Date: Thursday, January 19, 2012
Time: 11:00 am — 12:15 pm
Place: Mechanical Engineering 218
Terran Lane
UNM Department of Computer Science
Many modern scientific phenomena are best described in terms of graphs. From social networks to brain activity networks to genetic
networks to information networks, attention is increasingly shifting to data that describe or originate in graph structures. But because
of nonlinearities and statistical dependencies in graphical data, most "traditional" statistical methods are not well suited to such data.
Coupled with the explosion of raw data, stemming from revolutions inscientific measurement equipment, domain scientists are facing steep
challenges in statistical inference and data mining.
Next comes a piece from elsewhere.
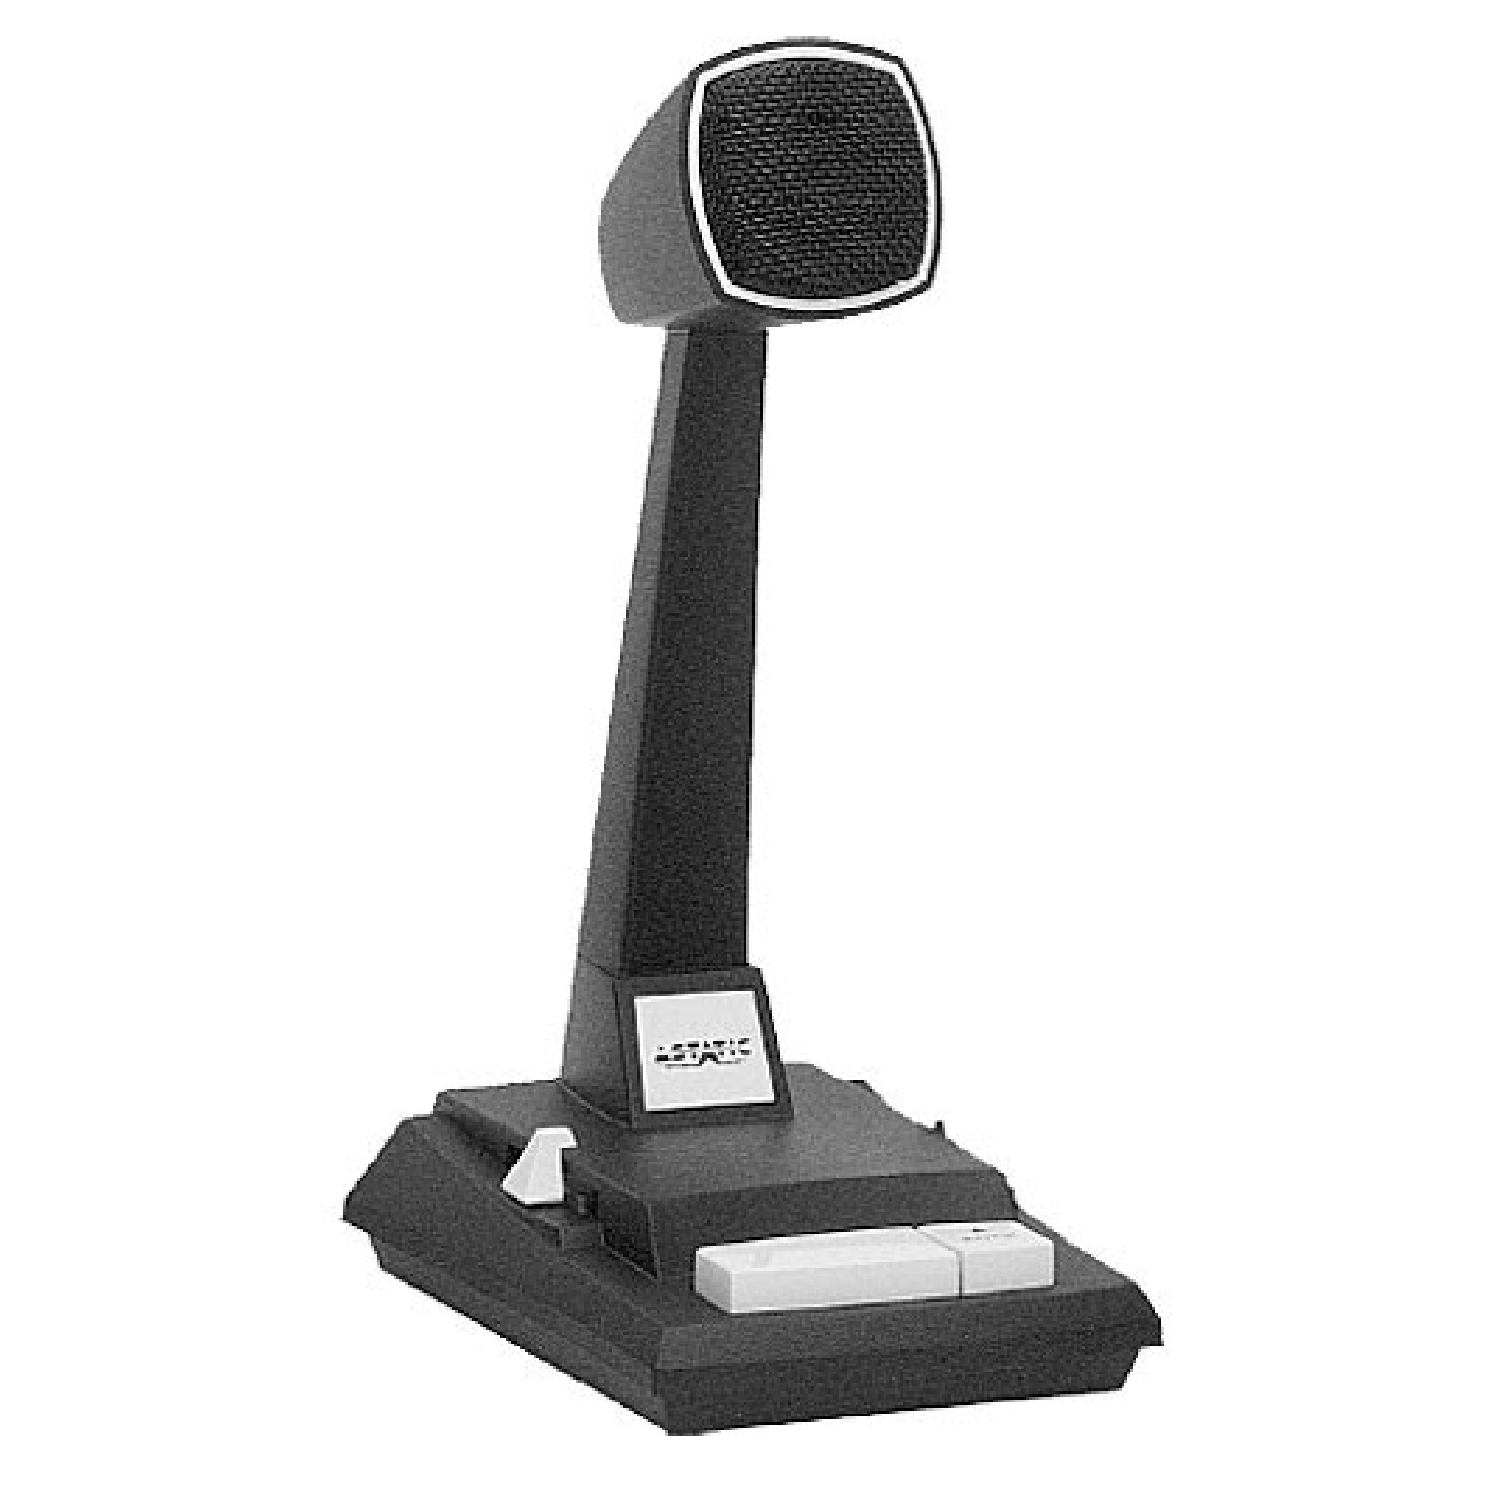 Desktop Omnidirectional Dynamic Paging Mic with Locking Push to Talk Switch   878HL 2 cad audio
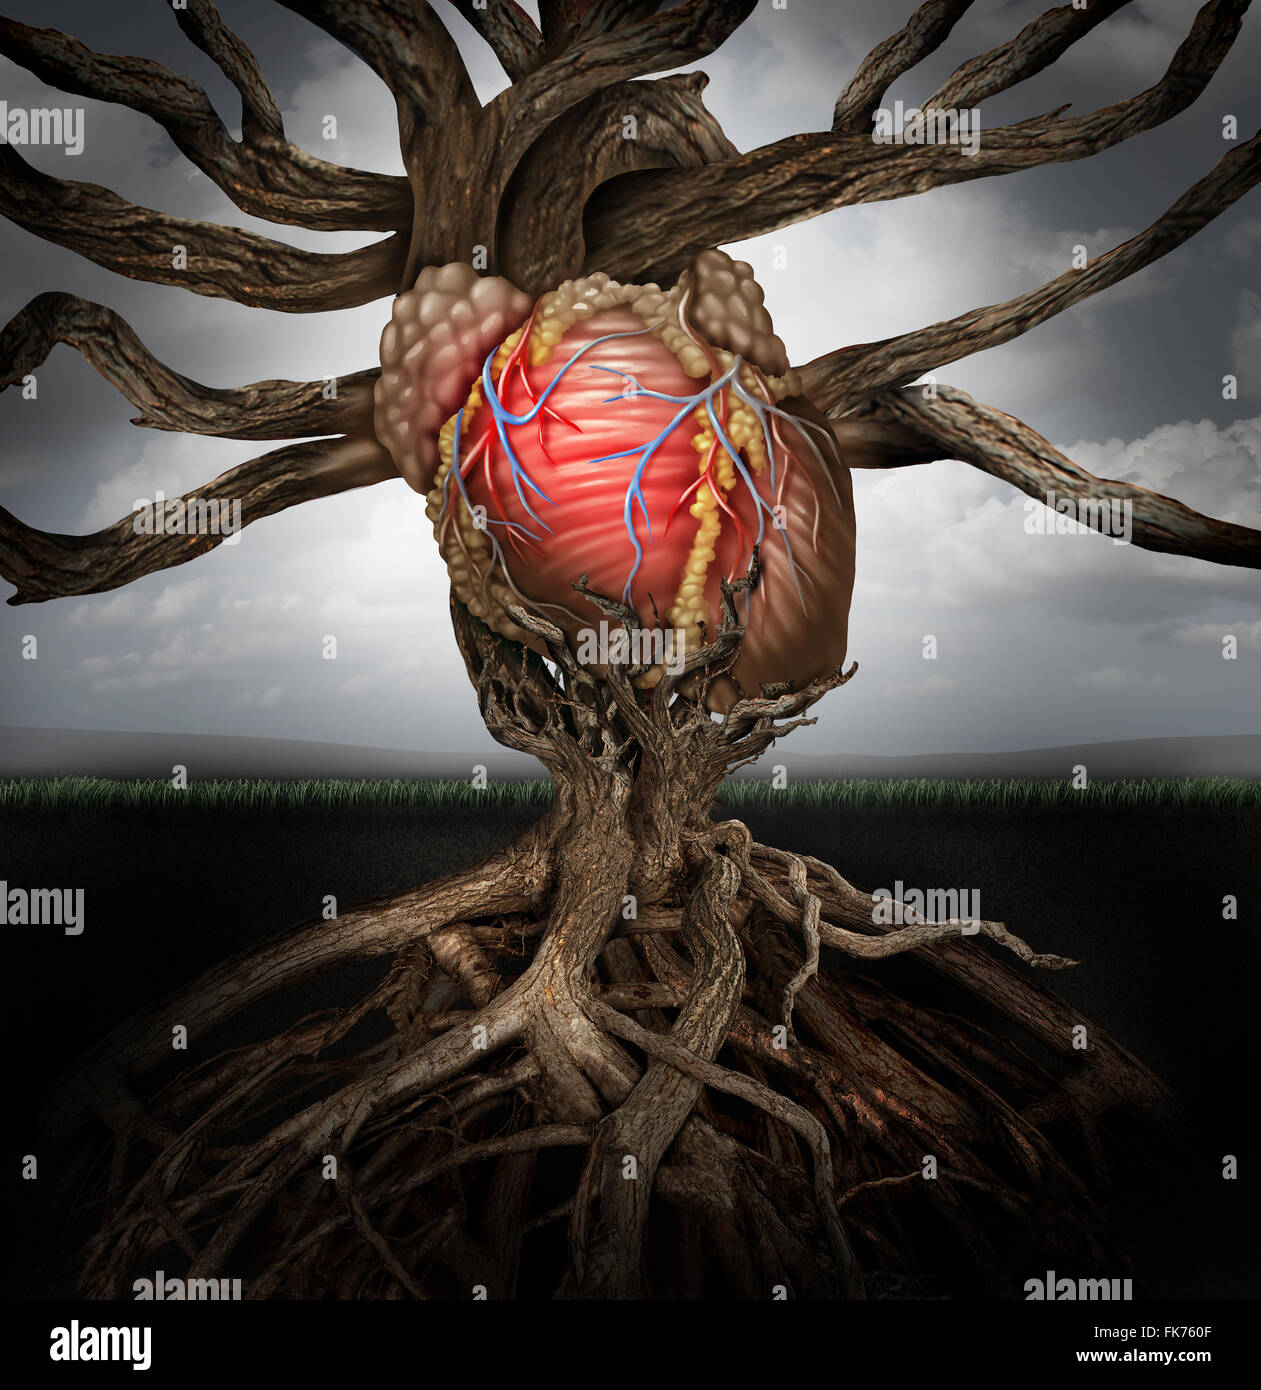 Human heart health concept as a symbol for growing a body organ and the veins and arteries of the circulatory system as a body part shaped as tree roots and branches connected together as a medical metaphor for living life. Stock Photo

In this talk, I will describe work that my group has been doing on the identification of graph structure from indirect data. This problem is
very familiar to the machine learning community, where it is known to be both computationally and statistically challenging, but has
received substantially less attention in a number of scientific communities, where it is of substantial practical interest. I will
examine an approach to graph structure inference that roots into the topology of graph structure space. By imposing metric structure on
this otherwise unstructured set, we can develop fast, efficient, accurate inference mechanisms. I will explain our approach and
illustrate the core idea and variants with examples drawn from neuroscience and genomics and introduce recent results on malware
identification.
Bio:
Terran Lane
is an associate professor of computer science at UNM. His personal research
interests include behavioral modeling and learning to act/behave (reinforcement learning), scalability, representation, and the tradeoff between
stochastic and deterministic modeling. All of these represent different facets
of his overall interest in scaling learning methods to large, complex spaces and
using them to learn to perform lengthy, complicated tasks and to generalize over
behaviors. While he attempts to understand the core learning issues involved, he
often situates his work in domain studies in practical problems. Doing so both elucidates important issues and problems for the learning community and provides useful techniques to other disciplines.